§ Data segment:
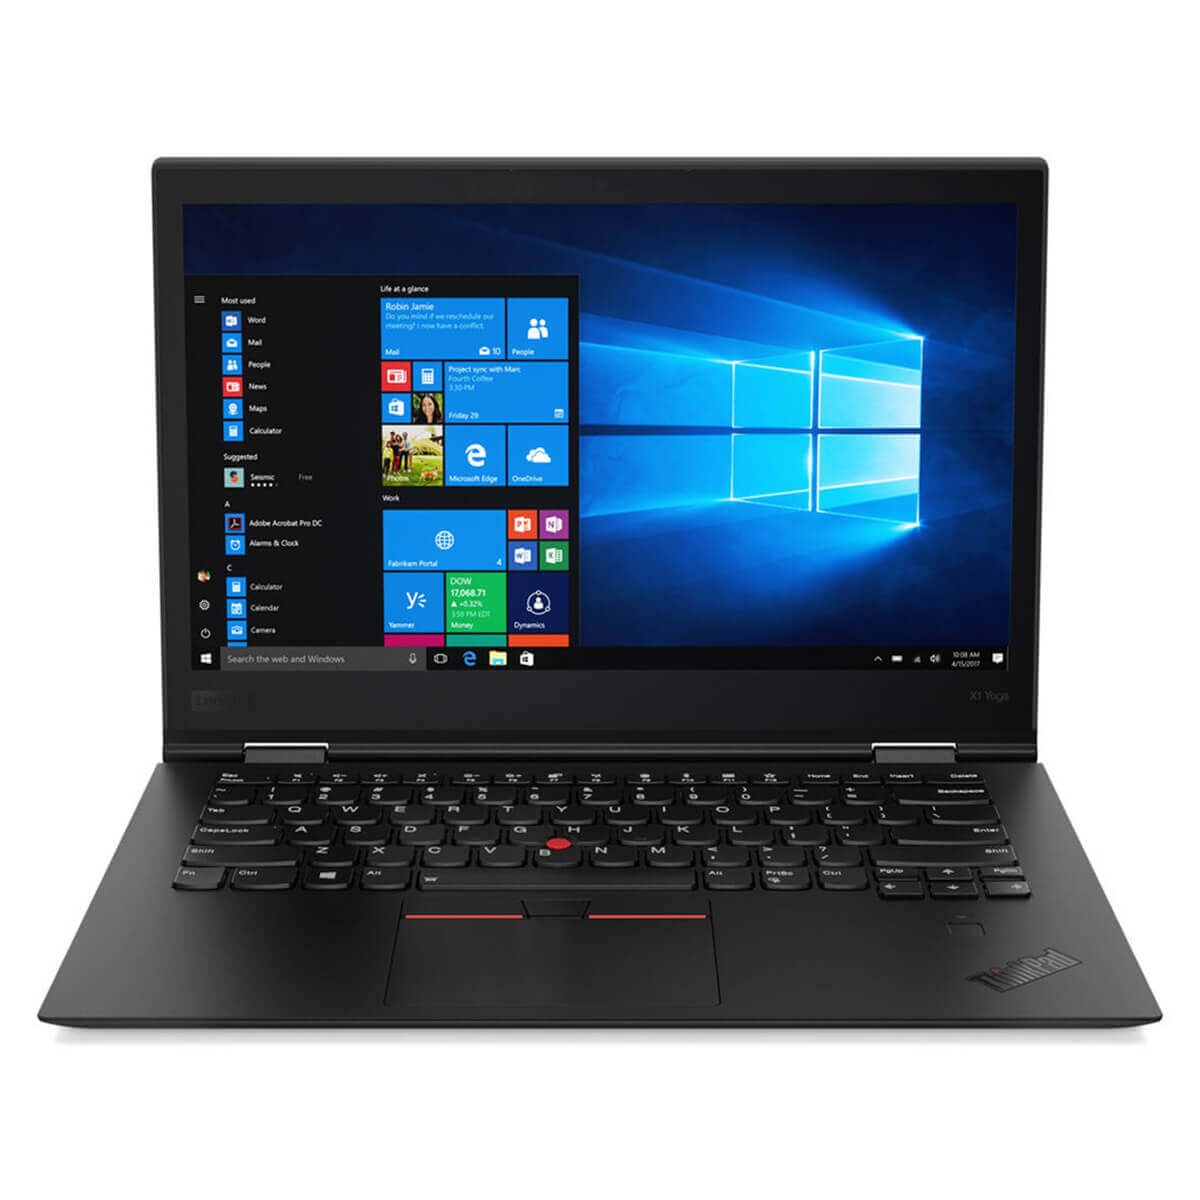 Laptop Lenovo ThinkPad X1 Carbon Yoga Gen 3 Core i7-8650U, Ram 16GB, 512GB SSD, 14.0 Inch FHD TouchScreen
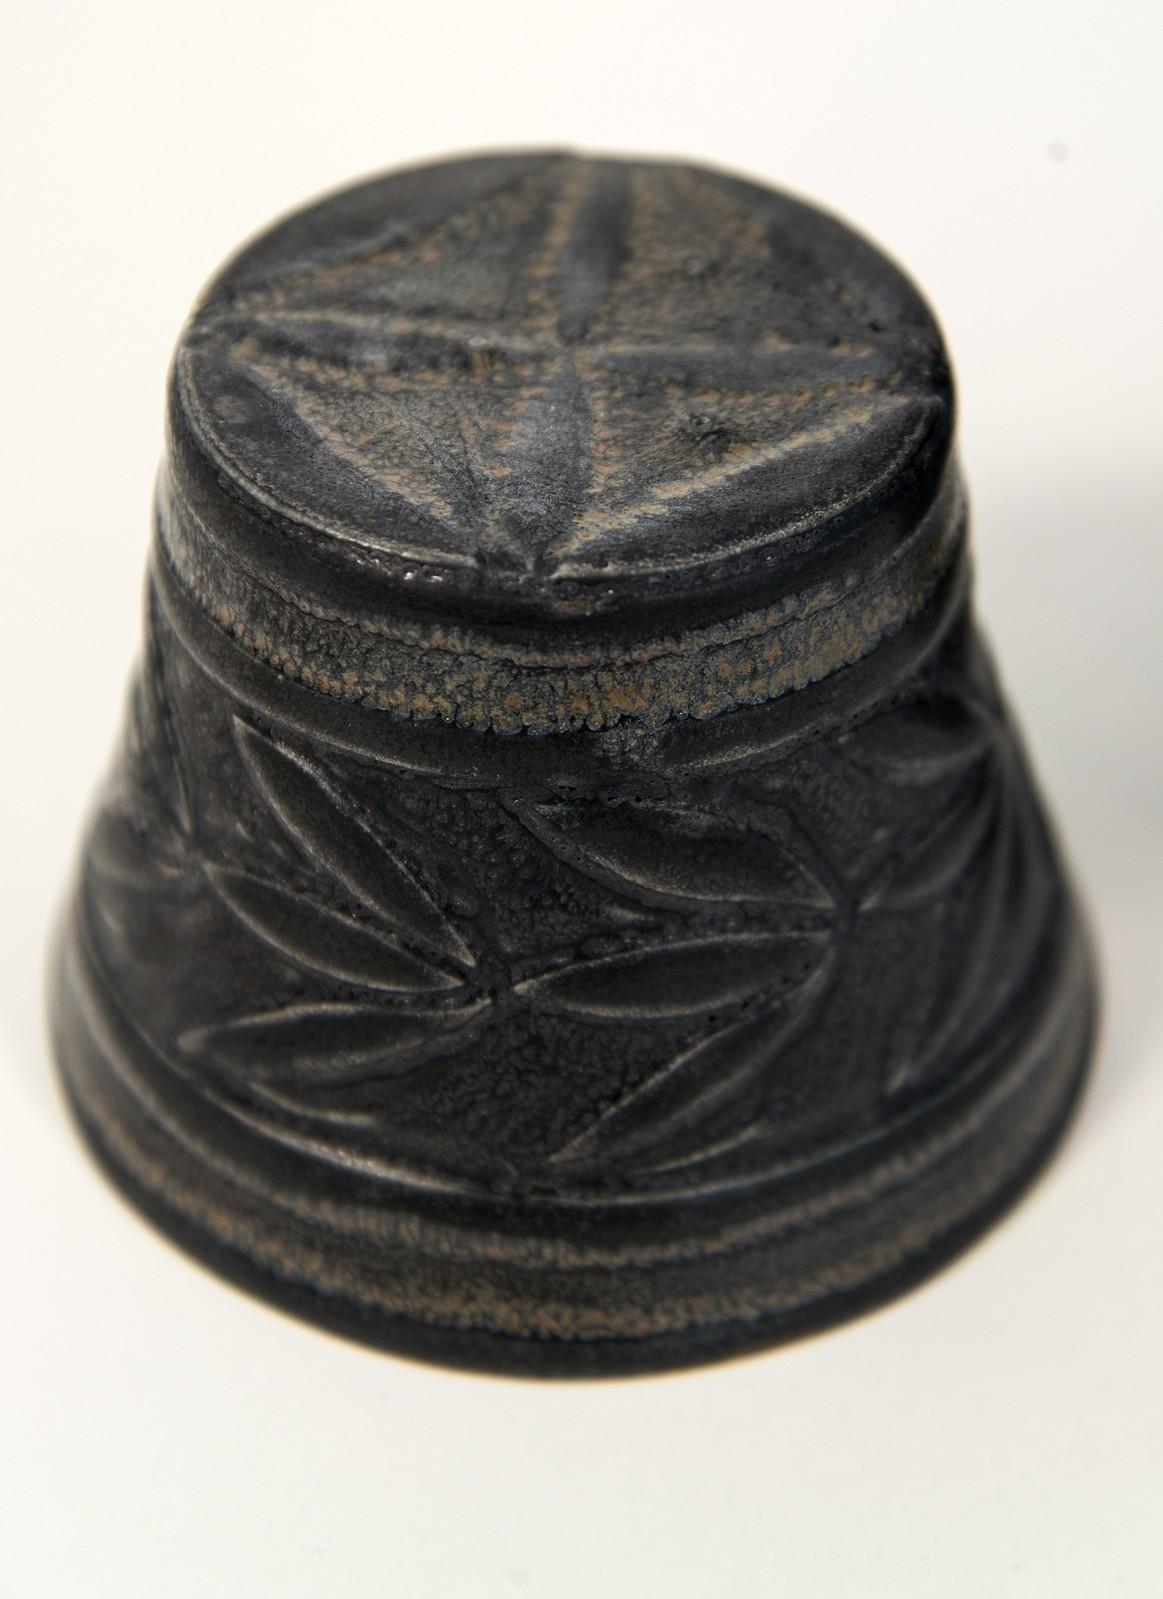 Small Black & Umber Ginger Jar with Engraved Leaves - porcelain vessel - Contemporary Sculpture by Loren Kaplan
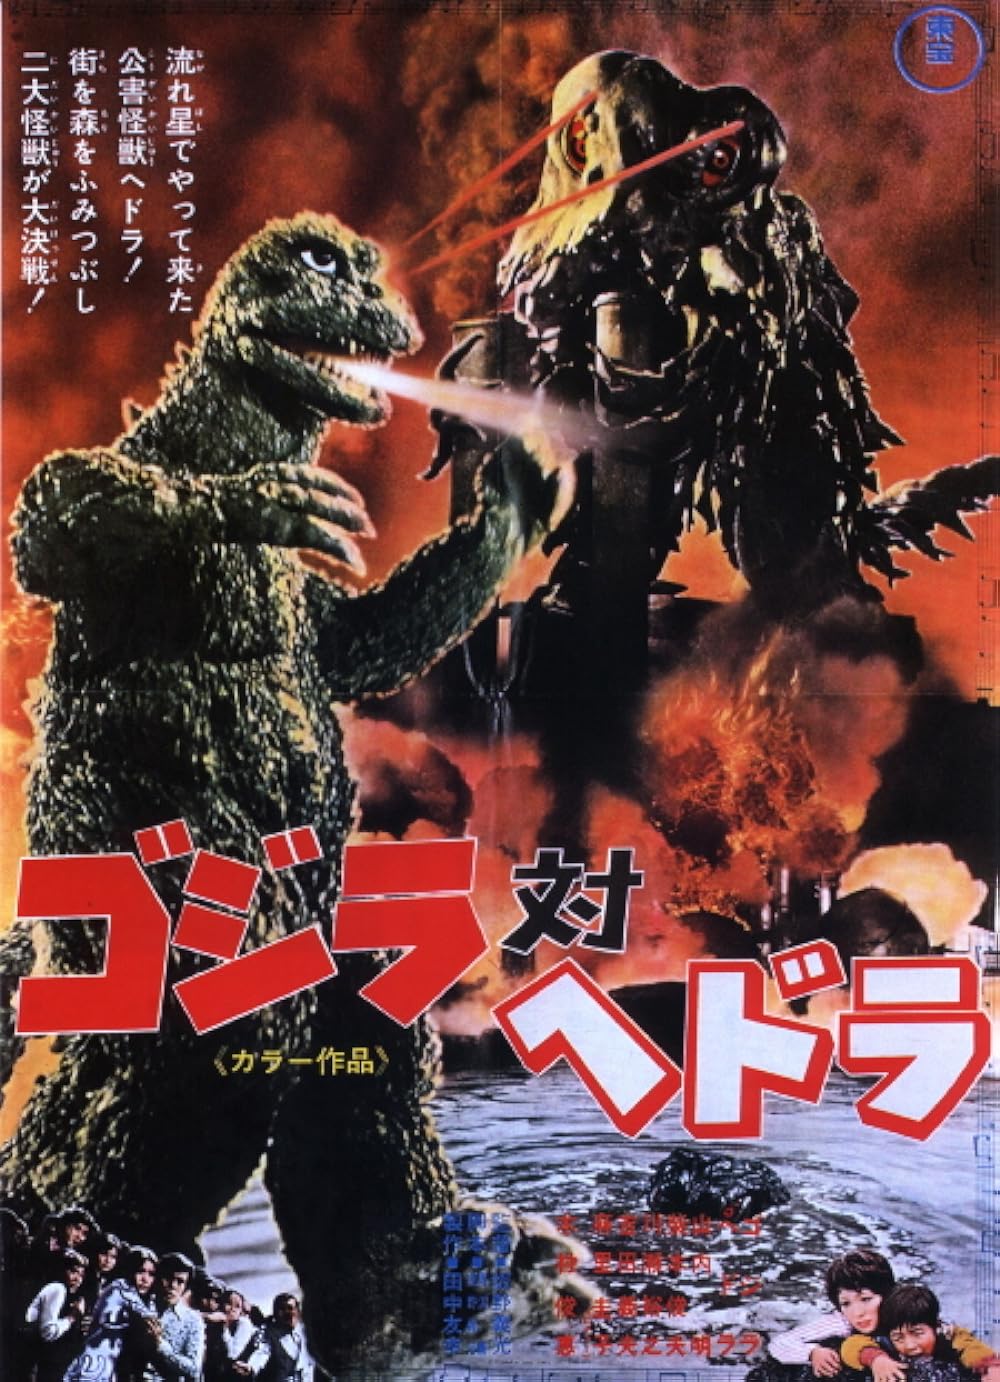 Godzilla vs. Hedorah aka Godzilla vs. the Smog Monster ( Gojira tai Hedorâ )
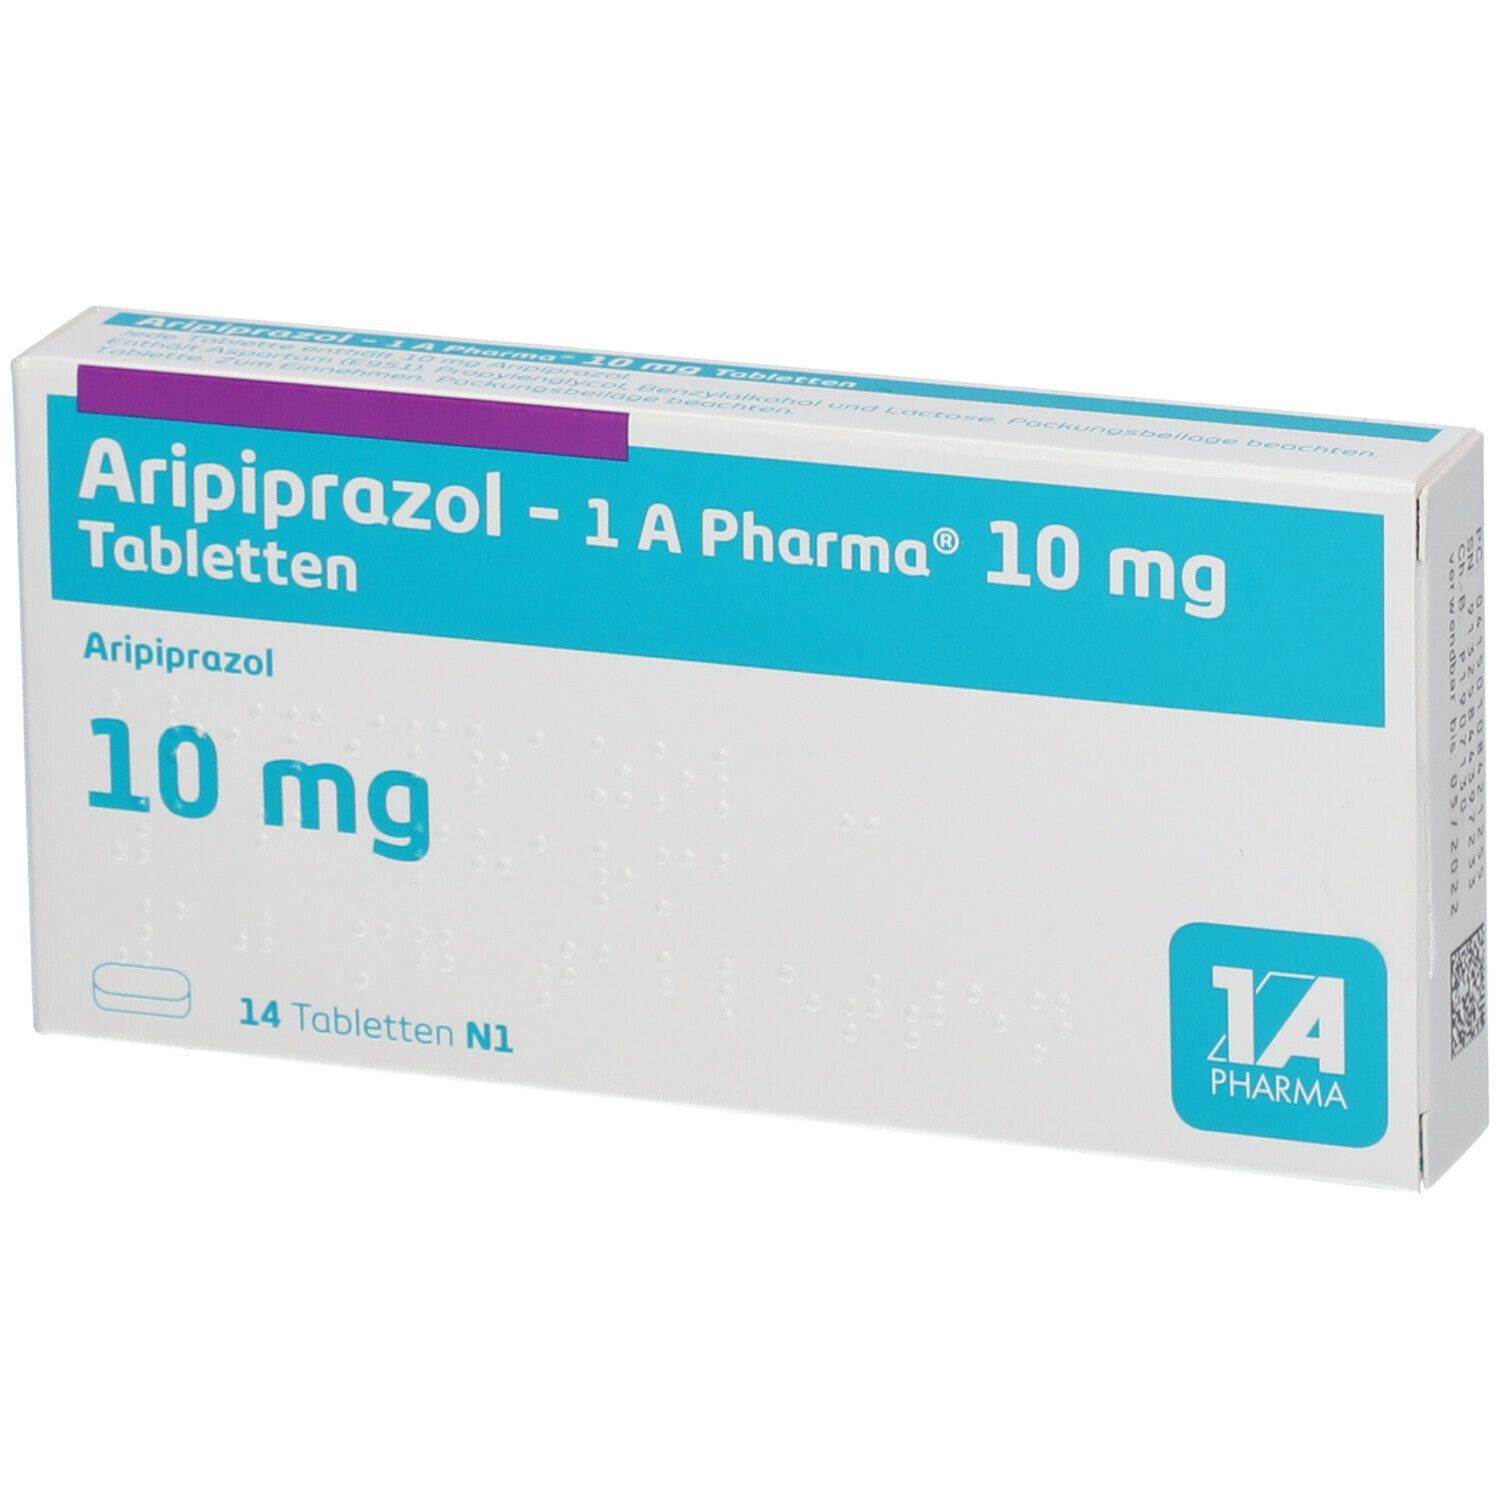 Aripiprazol - 1 A Pharma® 10 mg

§ Try it: The lines wanted are those from the start of the material above through the line with "Small Black &", both included; print them exactly and skip any picture.

§ Answer space:
 Laptop Lenovo ThinkPad X1 Carbon Yoga Gen 3 Core i7-8650U, Ram 16GB, 512GB SSD, 14.0 Inch FHD TouchScreen
 Small Black & Umber Ginger Jar with Engraved Leaves - porcelain vessel - Contemporary Sculpture by Loren Kaplan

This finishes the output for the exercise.